Agentic AI Platforms Move Center Stage for Enterprise Buyers
Agentic AI platforms are enterprise systems that allow autonomous or semi-autonomous software agents to act on trusted business data across applications, enforcing governance, security, and process rules while integrating with existing workflows and cloud architectures. In less than a week, two major vendors have placed a combined €205 million enterprise AI investment on this idea. OpenText is building agentic AI infrastructure tightly coupled to sovereign cloud and cybersecurity, while SAP is paying partners to deploy agents on the SAP Business AI Platform. Both are aiming at the same decision-makers: CIOs, enterprise architects, and system integrator leaders who must decide where agents run, what data they can touch, and how outcomes are audited. For these buyers, the key question is shifting from whether to try AI, to which agentic AI platforms will anchor long-term architecture and governance.
OpenText’s Sovereign Cloud Strategy Ties Agents to Governance
OpenText plans to invest €105 million (USD 120.4 million, approx. RM553.8 million) in Cork and Galway over three years, treating agentic AI, sovereign cloud, and cybersecurity as a single architectural stack rather than separate projects. Irish-based teams will design and operate multi-agent collaboration, system boundary enforcement, and knowledge sharing across sovereign zones for EMEA markets. This sovereign cloud strategy addresses data residency, classification, and access control questions that dominate CIO technology decisions in regulated sectors. According to SAPinsider research cited by OpenText, 79% of organizations name data quality, security, and resiliency as requirements, and 73% highlight regulatory compliance. For many SAP customers, this makes sovereign capacity an immediate priority, while agentic AI shapes planning for the next wave of automation. OpenText’s bet is that the information layer determining what agents can safely do will be as important as the AI models themselves.

SAP Business AI Fund Pays for Production Agents, Not Leads
SAP’s €100 million Business AI Partner-Led Adoption Incentive Fund directly targets the slow pace of AI agent deployment in core ERP and line-of-business systems. Instead of classic Market Development Funds that reward pipeline creation, the new model pays partners only when customers go live with Joule agents or custom workflow applications. Four clear tiers structure the offer: €15,000 for activating an SAP-delivered AI agent, €25,000 to launch a custom Joule Studio or SAP Build agent or workflow, €50,000 for a combined agent-plus-application package, and €100,000 for multi-agent enterprise deployments. This shift aligns partner incentives with tangible production outcomes on the SAP Business AI Platform. It also reflects SAP’s view that commercial success depends on custom agents that work with operational ERP data, at a time when 74% of customers remain in identification, experimentation, or no-plans phases for AI in SAP scenarios.

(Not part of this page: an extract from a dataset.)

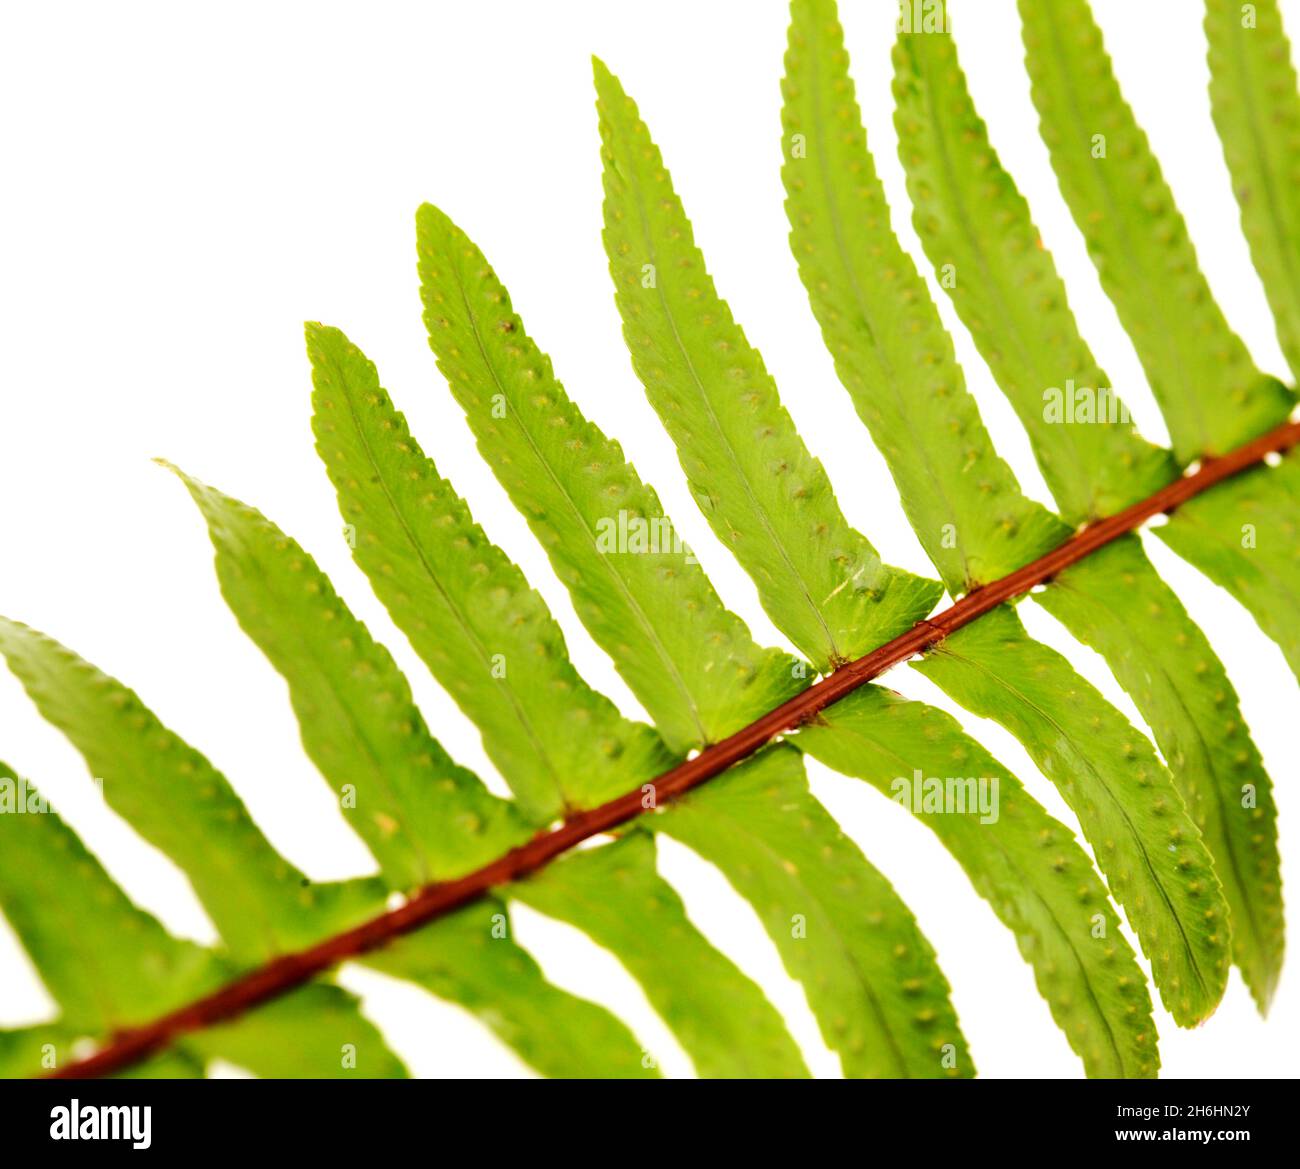 Green fresh frond of fern with spore clusters called sori isolated on white background Stock Photo

Competing for the Same CIO: Complementary but Conflicting Paths
OpenText and SAP are now competing for influence over the same projects: agentic AI platforms connected to SAP and non-SAP systems under strict data control. CIOs, enterprise architects, and SI leaders must weigh where agents should reside. SAP’s position pulls partners toward building inside Joule Studio, reinforced by API policies that limit third-party agents on SAP data. OpenText positions its sovereign cloud and information management layer as the neutral ground where AI agents can act across heterogeneous estates with consistent governance. For system integrators, partner economics are being rewritten: SAP offers direct subsidies per deployment, while OpenText’s investment signals demand for services in data classification, access design, and security for agents. The combined pressure means SI leaders cannot rely on legacy licensing and marketing motions; their competitiveness now depends on repeatable agent deployment patterns and credible advice on sovereign cloud strategy.
Implications for CIO Technology Decisions and SI Playbooks
These moves signal that enterprise AI investment is shifting from pilots to platform choices with long-term lock-in. CIO technology decisions now hinge on three intertwined questions: which agentic AI platforms to standardize on, how sovereign cloud strategy will meet residency and regulatory demands, and which partner ecosystems can deliver production-grade agents quickly. SAP’s fund rewards speed to production on SAP Business AI while narrowing the monetization path for partners outside its tooling. OpenText’s focus on data governance, multi-agent collaboration, and cybersecurity opens space for cross-application scenarios, but also exposes gaps in customers’ information readiness. System integrators need playbooks that start with data quality, lineage, and access models, then map them into Joule or OpenText agent patterns. The race for agent dominance is less about model choice and more about who owns the operating layer where AI agents and compliance meet.